Menteri PANRB bersama Gubermur Jabar, Walikota Bandung dan Pendiri Yayasan Kebudayaan Rancage, Ayip Rosidi, pada acara penyerahan Hadiah Sastera Rancage dan Hadiah Samsudi 2015 di Gedung Pusat Studi Sunda, Bandung (22/08)
BANDUNG - Produk kesusasteraan kita harus mampu menjadi sumber inspirasi sekaligus pengawal hati dan pikiran kita semua dalam mempertahankan identitas nilai-nilai ke-Indonesia-an yang telah digariskan oleh leluhur dan para founding fathers kita.
Demikian disampaikan Menteri Pendayagunaan Aparatur Negara dan Reformasi Birokrasi (PANRB), Yuddy Chrisnandi, saat memberikan apresiasi pada acara penyerahan Hadiah Sastra Rancage dan Hadiah Samsudi 2015 di Gedung Pusat Studi Sunda, Bandung, Jawa Barat, Sabtu (22/8).

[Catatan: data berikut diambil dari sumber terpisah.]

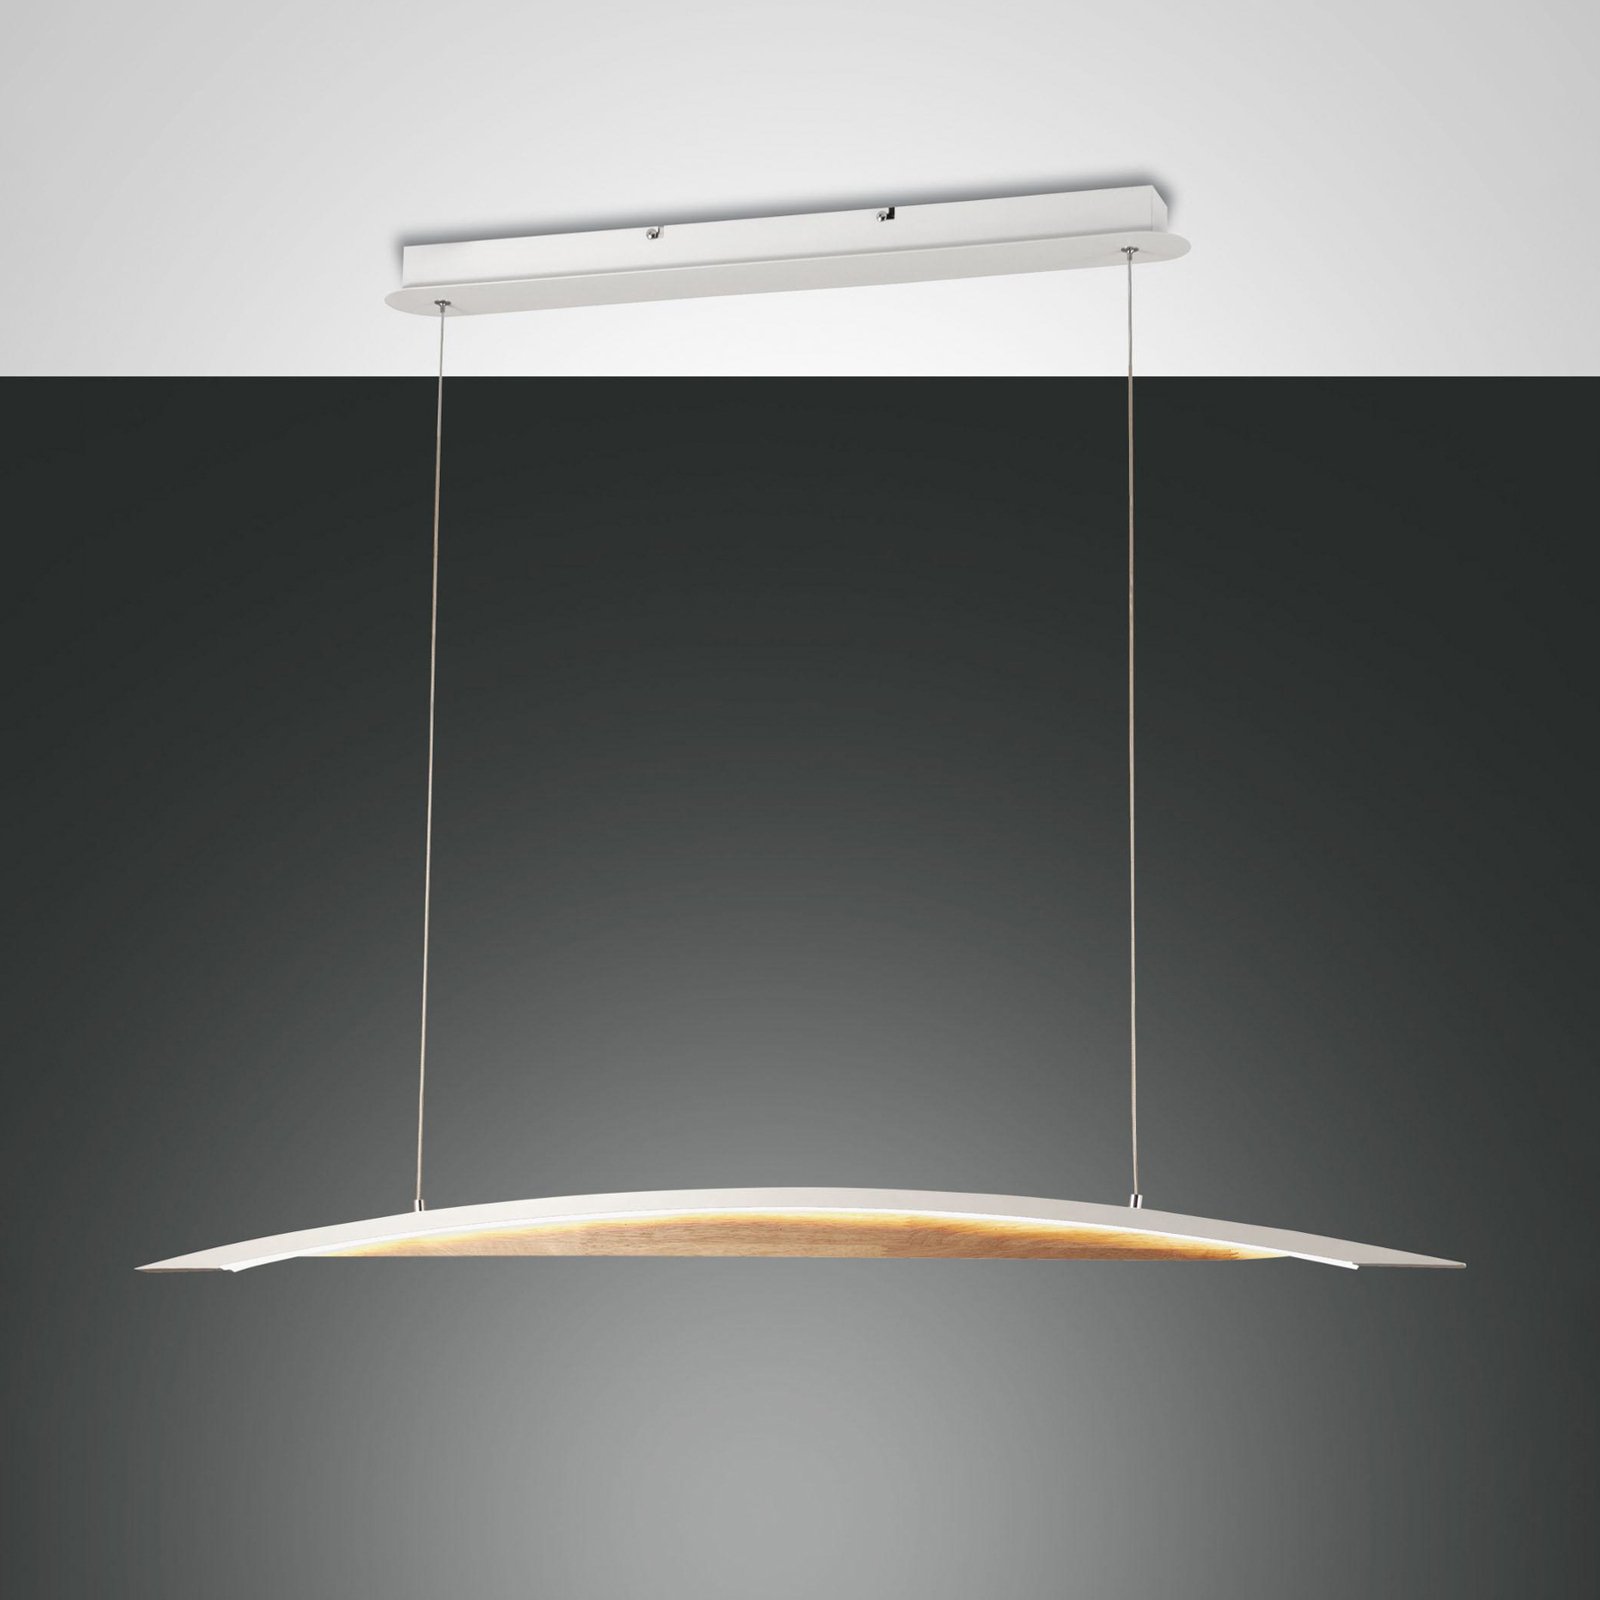 LED-Hängeleuchte Cordoba, Länge 110 cm, Metall/Holz, dimmbar

Pada kesempatan itu, Menteri Yuddy didampingi Gubernur Jawa Barat Ahmad Heryawan, Walikota Bandung Ridwan Kamil, Ery Riyana Hardjapamekas, dan Ajip Rosidi selaku penggagas Hadiah Sastera Rancage. Acara tersebut terselenggara atas kerjasama Yayasan Kebudayaan Rancage dengan Yayasan Pusat Studi Sunda, masyarakat dan berbagai pihak yang peduli terhadap sastera budaya.
Hadiah Sastra Rancage adalah penghargaan yang diberikan kepada orang-orang yang dianggap telah berjasa bagi pengembangan bahasa dan sastra daerah di Indonesia, sedangkan Hadiah Samsudi adalah penghargaan khusus untuk penulis buku bacaan anak berbahasa Sunda.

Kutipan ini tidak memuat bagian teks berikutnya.